The rotary engine required minimal design changes to operate on hydrogen enabling Mazda to build hydrogen-fuelled rotary engine vehicles at a low cost.
Additionally, a dual-fuel system allows the vehicle to run on either gasoline or hydrogen. Running out of hydrogen is no longer a concern; allowing the car to travel long distances to areas without hydrogen stations.
The Renesis hydrogen rotary engine system draws in air from a side port and directly injects hydrogen using an electronically controlled hydrogen gas injector installed on the top of the rotor housing.
The Mazda RX-8 Hydrogen RE is the world's first practical implementation of a hydrogen rotary engine vehicle.
In 2021, Toyota showcased its new hydrogen-powered combustion engine technology in the GR Yaris. In addition, Toyota's experimental hydrogen-powered Corolla Sport performed exceptionally well at motorsport events in Japan with near-zero tailpipe emissions.
Although hydrogen combustion engine technology is still in the early stages of development and experimentation, it achieves high performance.
The hydrogen-powered GR Yaris and the Corolla Sport feature G16E-GTS, 1.6-litre, in-line three-cylinder, turbocharged engine, but with an altered fuel supply and injection system for use with hydrogen as fuel.
The ability to re-use existing ICE technology in hydrogen vehicles is a major positive factor for manufacturers, meaning that while consumer adoption has not yet happened at scale, manufacturers will continue to invest.

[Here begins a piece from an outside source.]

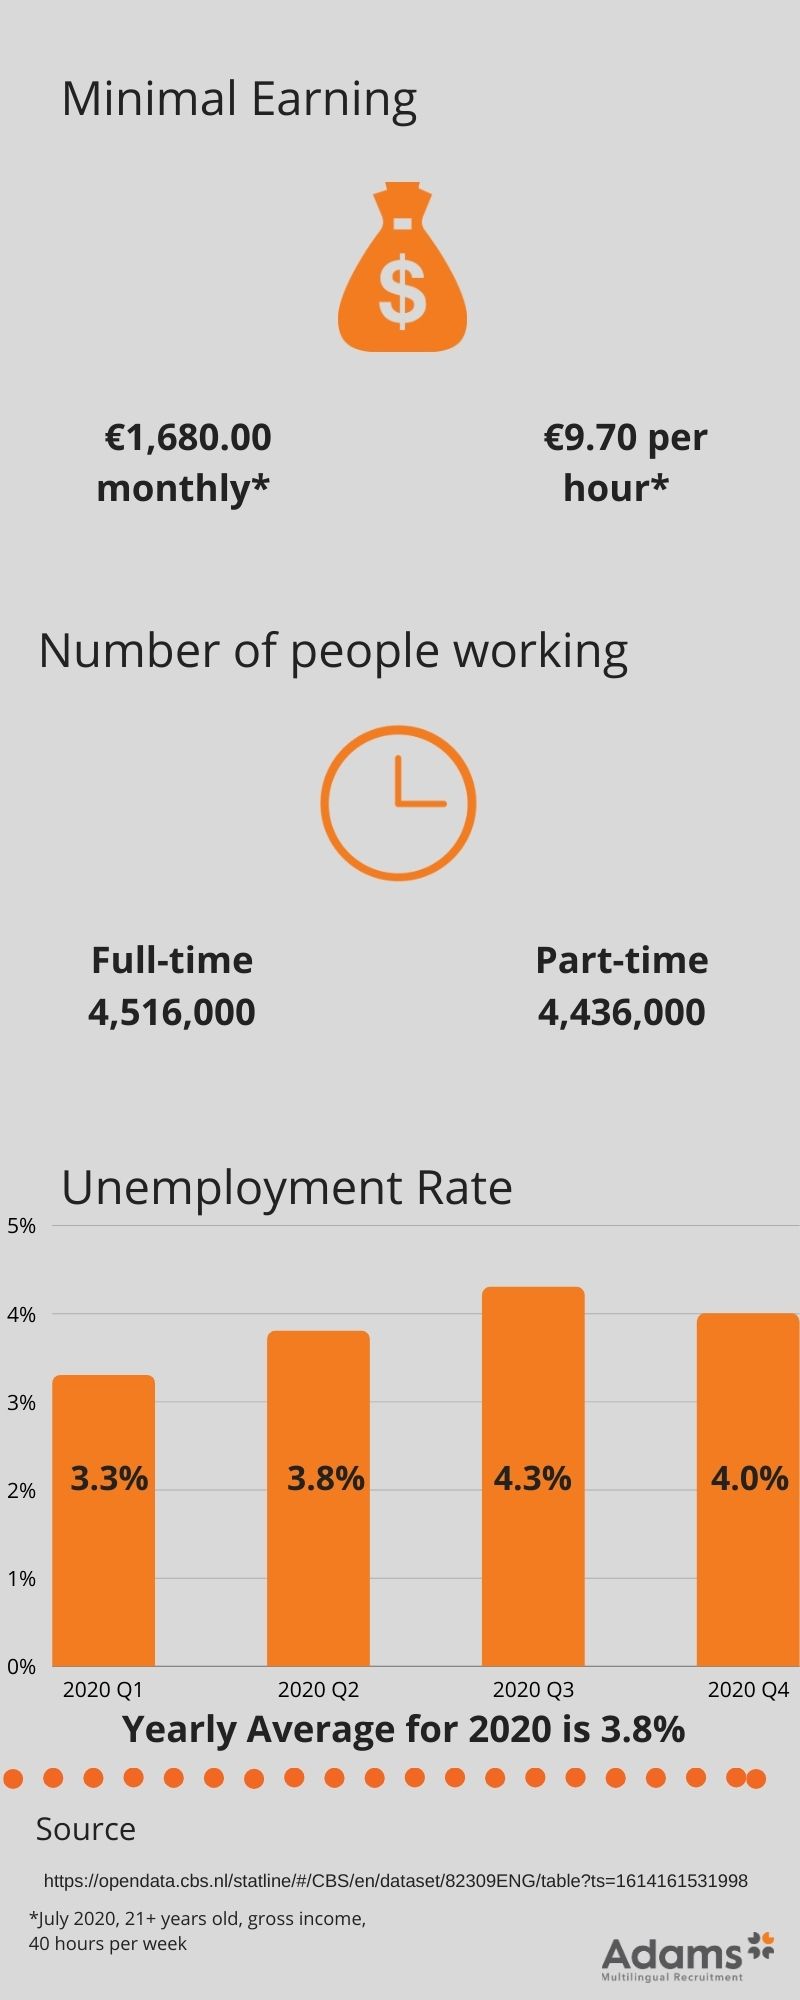 Labour market information, employment rate, minimum wage, working hours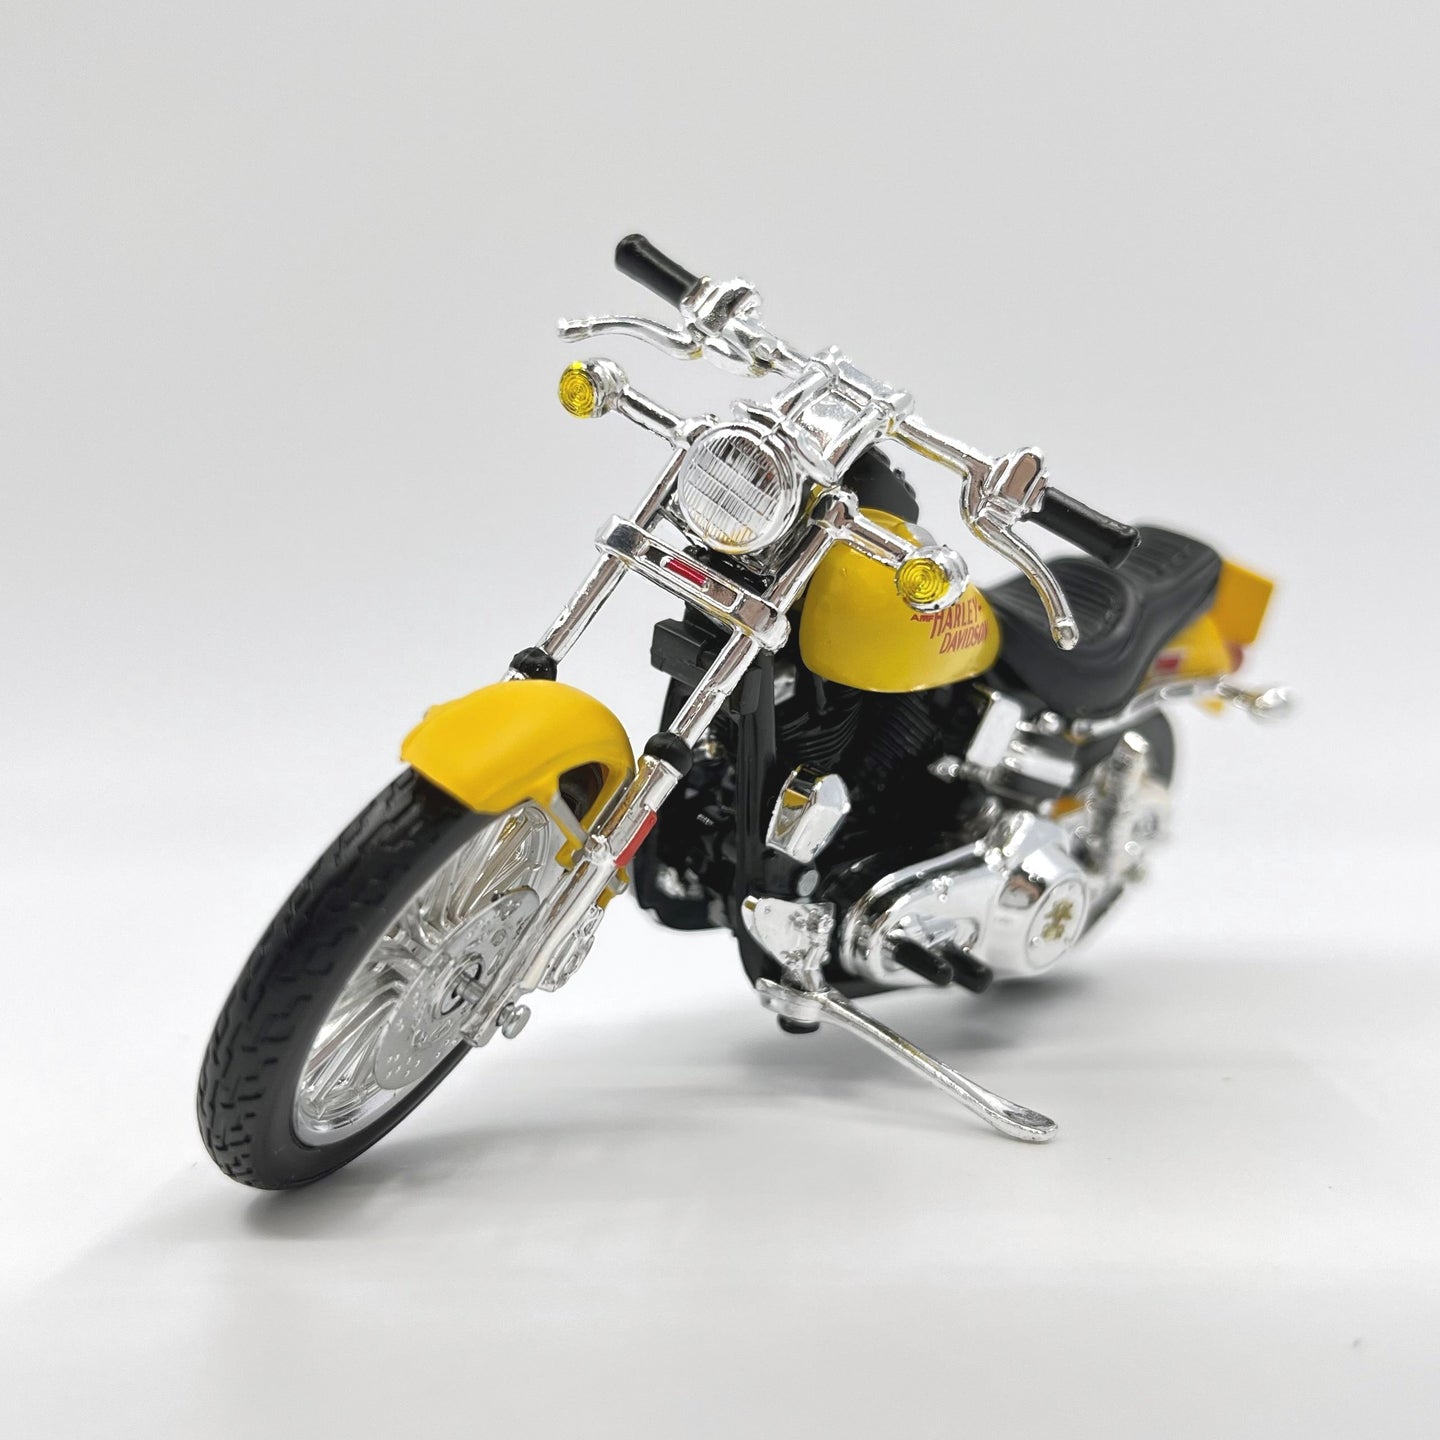 1977 Harley Davidson FXS Low Rider 1:18 Diecast Bike Motorcycle Model By Maisto

The EU has several hydrogen regulatory initiatives in the making. These initiatives will be vital to the development of a vibrant hydrogen market and will be based on an emissions trading scheme.
Additionally, in support of the 40GW electrolyser goal in the EU’s Hydrogen Strategy, a revised target of 50 per cent renewable share in hydrogen consumption in the industry has been proposed. The adoption of the proposed revision is anticipated to conclude in 2022.
European Secondary Gas Market Legislation is being revised with greater focus on hydrogen.